Türk milletinin kendi yarasını saran bir millet olduğunu ifade eden Soylu, "Evet, millet kendi yarasını kendisi sardı ama çok sağlam sardı. Ceza kestiklerine de çok sağlam bir ceza kesti. Onları tarihe gömdü, unuttu, bütün hatıralarını, kurmak istedikleri bütün düzenleri bozdu. Karşılarına ne zaman çıkıp birşey istedilerse, millet onları elinin tersiyle itti. Kendi demokrasisini, kendi refah seviyesini millet, kendi evlatlarıyla kendisi belirledi. Dışarıdan gelen bütün reçeteleri, millet elinin tersiyle itti. Bugün dışarıda birilerinin bize olan hırsı ve itirazı işte bundandır. Türkiye yeni bir geleceğe adım atarken, ortaya koydukları itiraz; mazlumlar için sesimizi yükseltmemizden duydukları rahatsızlık bundandır." diye konuştu.

Soylu, şöyle devam etti:

"Onlar itaat eden bir Türkiye istiyorlardı. Yıllarca buna yatırım yapmışlardı ama bu aziz millet bütün planlarını, onların bize reva görmedikleri hukuk ve demokrasi içinde bozdu. 2002'den sonra sadece makro ekonomik büyüklükler anlamında değil, demokrasi anlamında ortaya koyduğumuz gelişim, bütün hesapların dışındadır. Türkiye 300 yıllık bir makası kapatmakla uğraşmaktadır ve büyük oranda başarmıştır. Artık güçlü; ufak tefek operasyonlarla paniklemeyen; milletin iradesini vesayet odaklarına teslim etmeyen; sadece kendisi için değil, dünyadaki bütün haksızlıklar için söz söyleyebilen bir Türkiye vardır. Onlar bu Türkiye'nin nereye gidebileceğini çok iyi görüyorlar ve rahatsızlıkları, bilesiniz ki bundandır. Kıymetli arkadaşlarım; biz bu Anıtmezar'a çok gittik geldik. İlk zamanlar boynumuz bükük, sesimiz kısıktı. Allah’a şükür, her yıl, bir adım daha doğrulduk. Her yıl, demokrasi uğruna, Türkiye’nin gelişmesi adına yeni bir zaferle geldik. Bugün Türkiye hem kendi varlığına yönelik tehditlerle mücadele etmekte, hem siyasi istikrarını pekiştirmekte, hem de geleceğini, 2023’ü, 2053’ü, 2071’i şekillendirmektedir. Hiç kimse hakkını yemesin, Cumhurbaşkanımız Sayın Recep Tayyip Erdoğan’ın bu yolda çok emeği vardır. Bu kabirler burada dururken, bu yola baş koymak."

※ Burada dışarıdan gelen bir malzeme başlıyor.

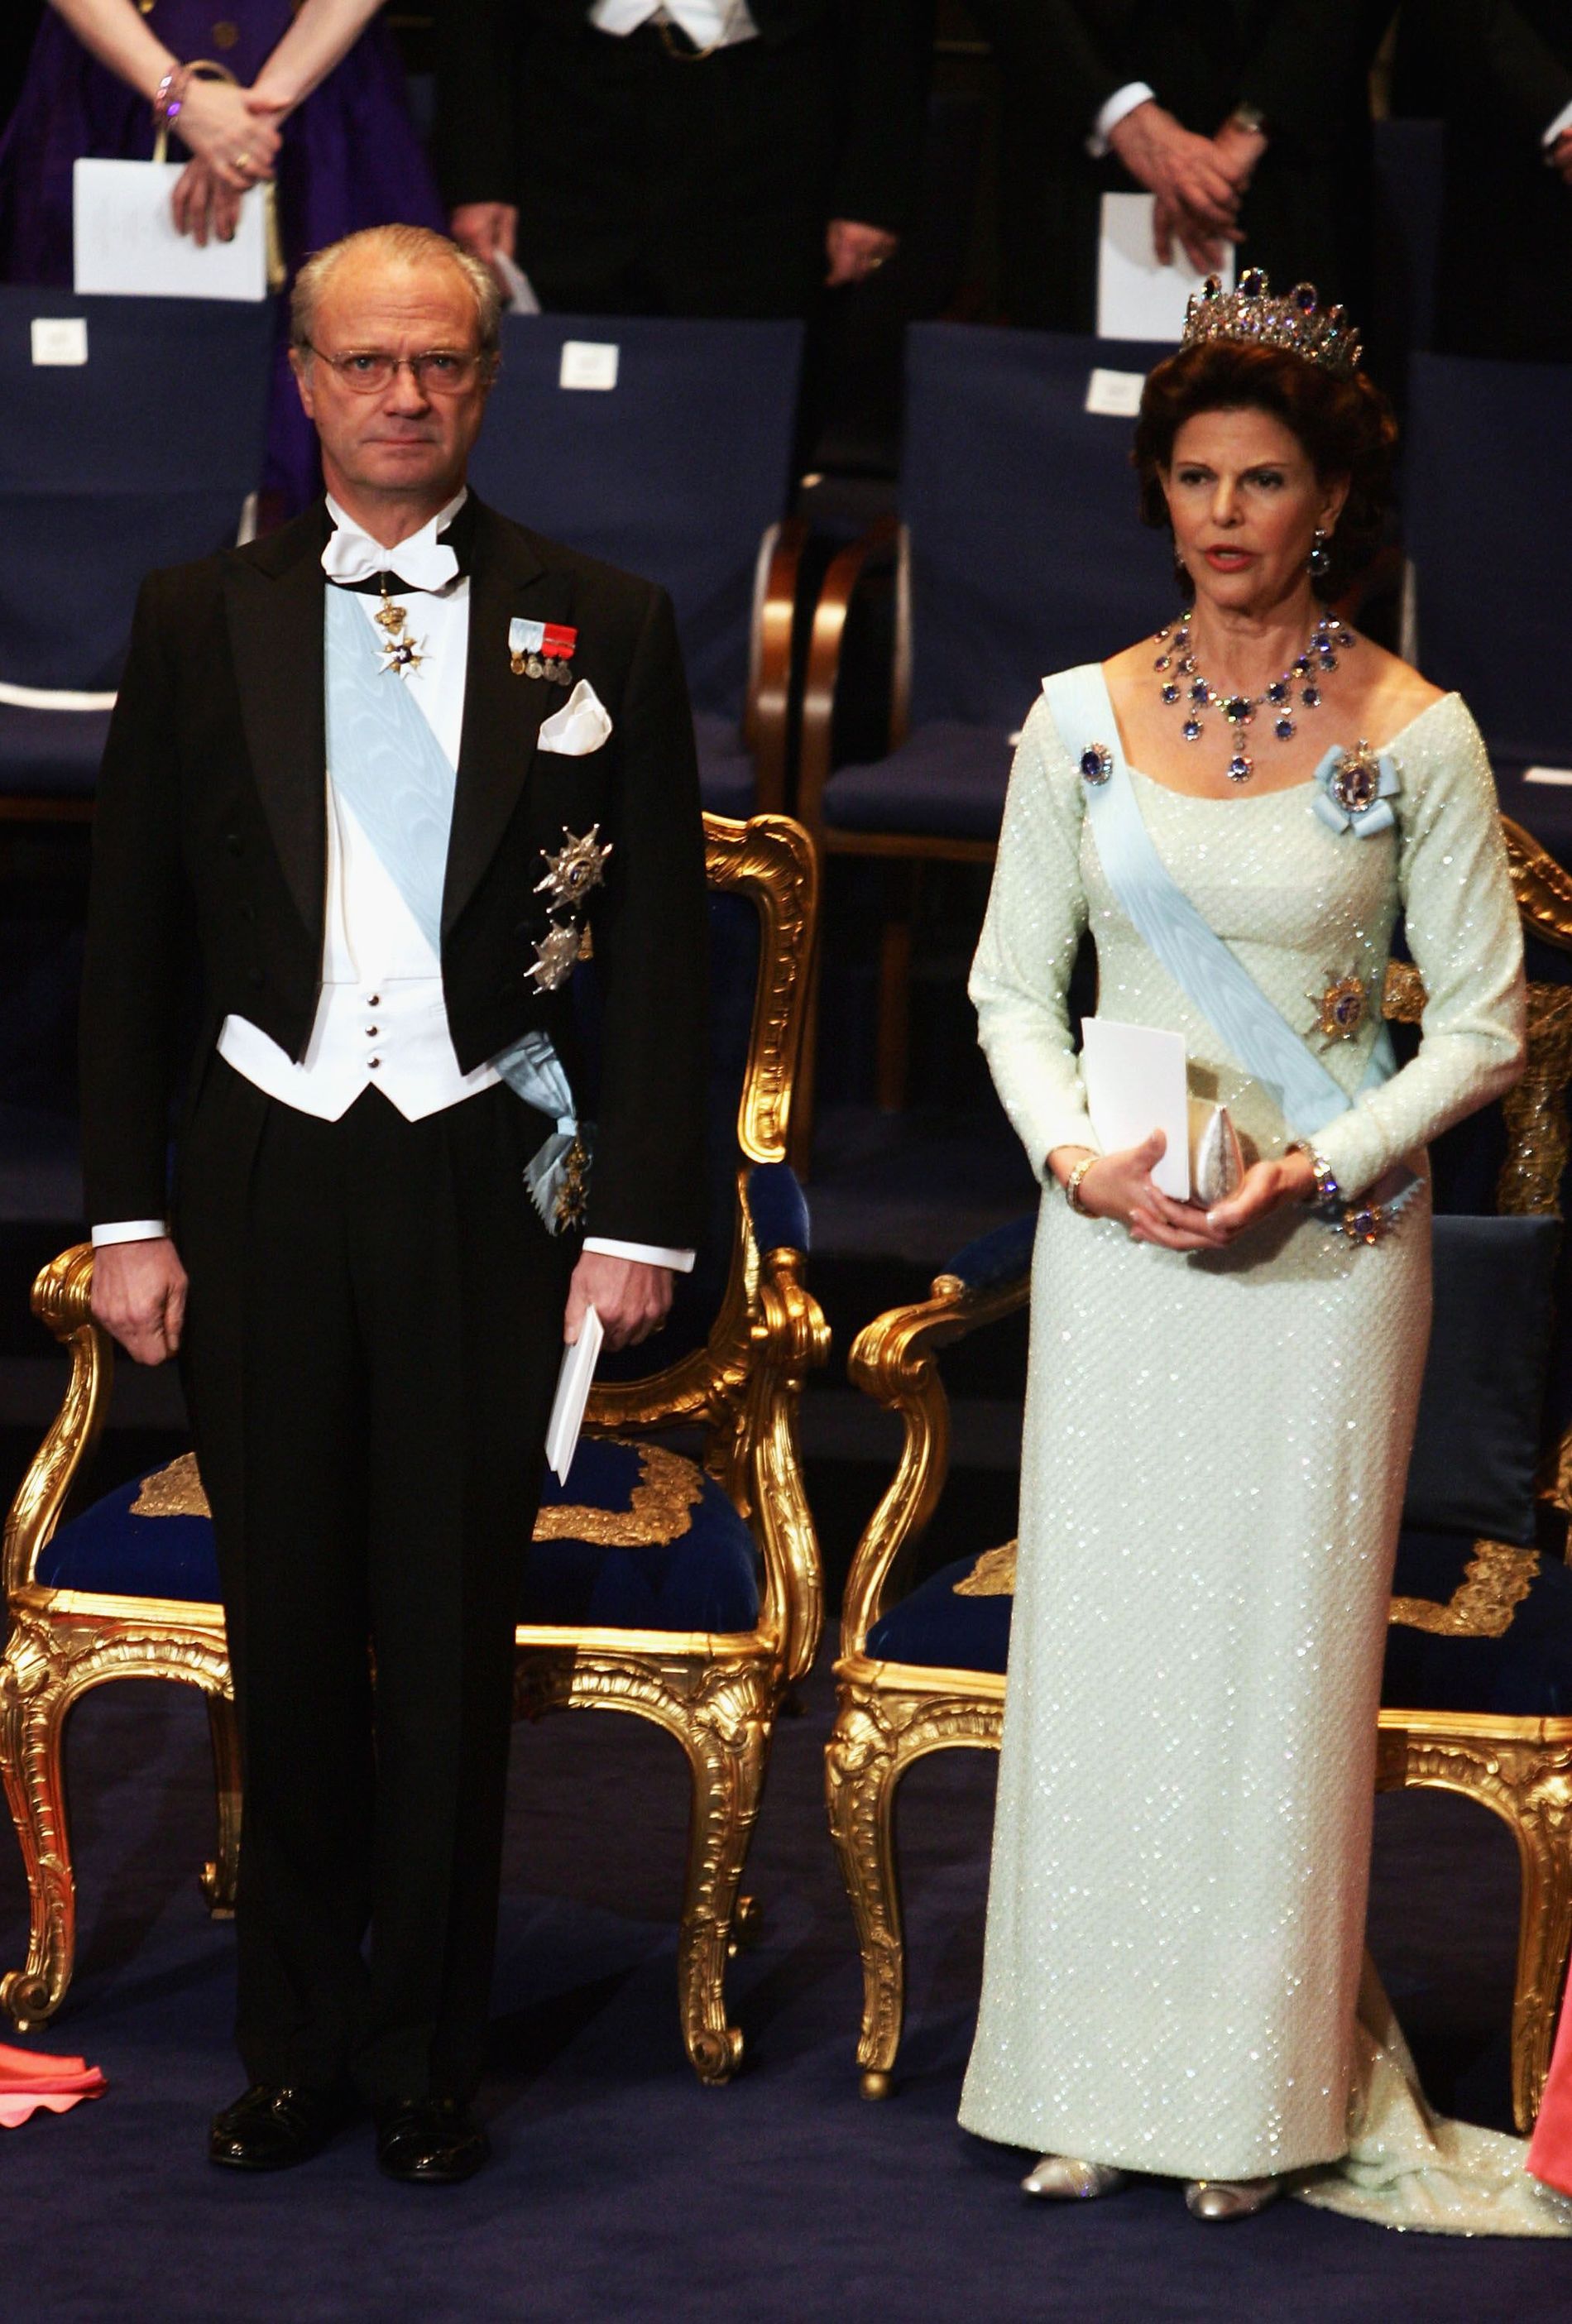 King Carl Gustaf and Queen Silvia of Sweden Nobel Peace Prize

Türkiye'nin, bugün çok farklı bir kulvarda koştuğunu, büyük bir çaba içinde olduğunu ve yapılanın ise normal bir kalkınma ve altyapı hamlesi olmadığını vurgulayan Soylu, "Türkiye bunları zaten 2002'den beri yapmaktadır. Oysa bugün demokrasi ve büyük devlet altyapımızı tahkim ediyoruz. Yeni bir yönetim modeline, daha aktif, daha demokratik, millet iradesinin tek karar verici olduğu, hızlı karar alabilen bir sisteme evriliyoruz. İnancım odur ki bu yeni sistem, Türkiye'nin 21.yüzyıldaki en büyük kazanımı olacaktır. Bu sistem, bütün demokrasi şehitlerinin hayalidir ve Türkiye bugün bu hayali gerçekleştirmiştir." ifadelerini kullandı.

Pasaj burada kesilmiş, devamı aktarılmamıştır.